Tuberous sclerosis is a genetic disease, the main manifestations of which are the formation of neuroectodermal tumours, which are very often associated to secondary epilepsy.

To describe the epileptic profile, control, frequency of seizures and effectiveness of treatment in adult patients with tuberous sclerosis.

The study was descriptive and included adult patients (over 14 years of age) with a confirmed diagnosis of tuberous sclerosis. Both the frequency and type of seizures were analysed. A study was conducted to analyse and record the number of different antiepileptic drugs in each patient and the frequency of use of each active ingredient, and the control of seizures and the type of therapy were also included in another comparative study.

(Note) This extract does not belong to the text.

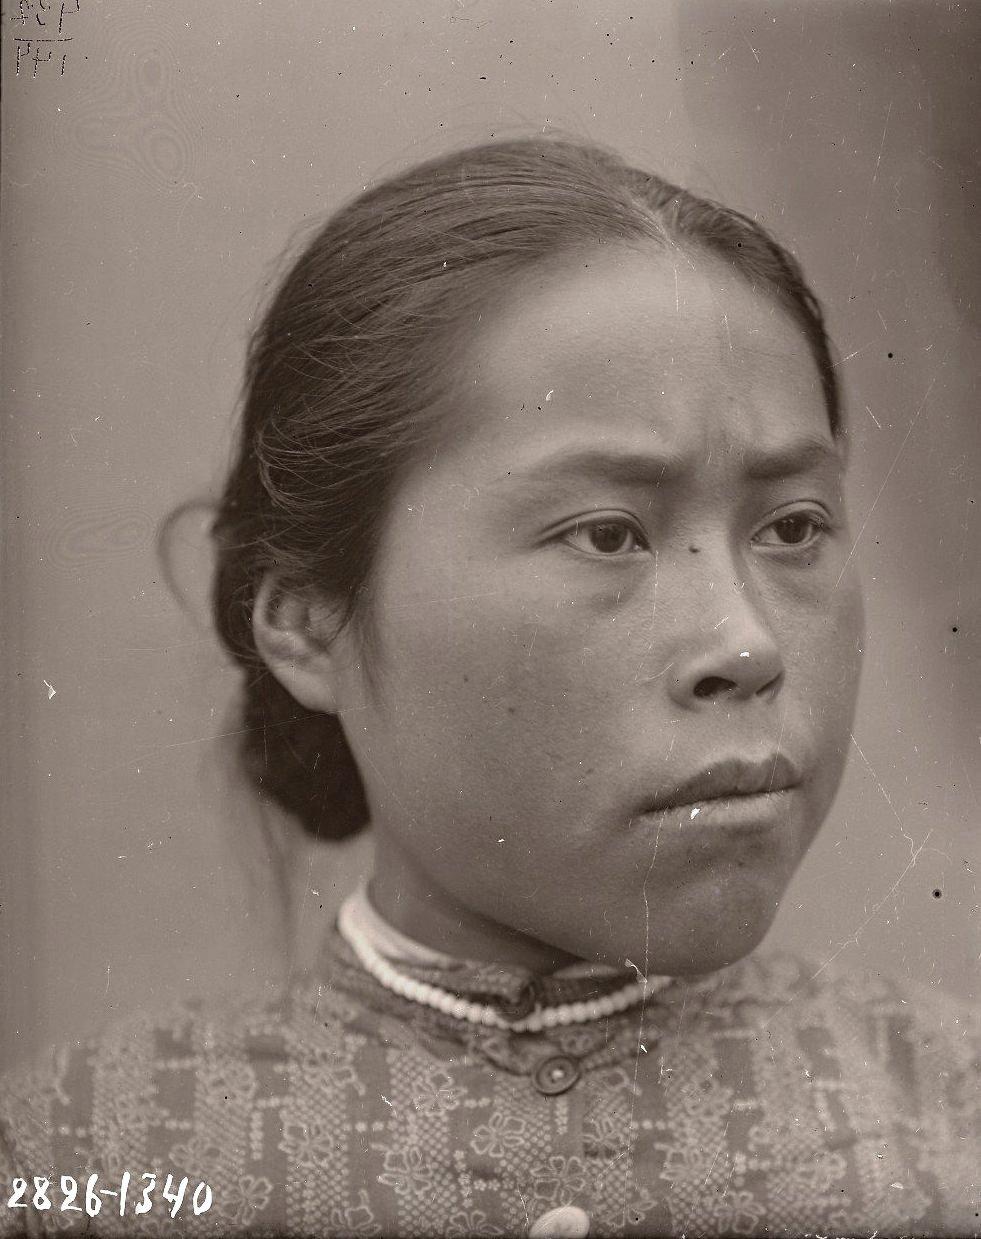 1909. Июнь - июль. Евдокия Артамонова. Атту остров

Of a total of 19 adults who were studied, 16 of them (84%) had epileptic seizures. Results showed that 44%, 25% and 31% of them presented full control of seizures, sporadic seizures and frequent seizures, respectively. A certain frequency of focal, general and both types of seizures existed in 38%, 6% and 25%, respectively. Likewise, 38%, 44% and 19% of them were under treatment with antiepileptic drugs in monotherapy, bitherapy and tritherapy, respectively. Overall, the most commonly consumed drug was levetiracetam, followed by carbamazepine and valproic acid. In monotherapy the most common was carbamazepine, with a higher proportion of full control.

Epilepsy in tuberous sclerosis is relatively benign and an acceptable degree of control is achieved in most cases with a number of the antiepileptic drugs recommended in the treatment guidelines. In our series, we observed stability of involvement and there was no progression to a malignant status. The small number of individuals in the sample limits the study, but the proportions of treatment effectiveness are seen to be similar to those observed in another series published in the literature.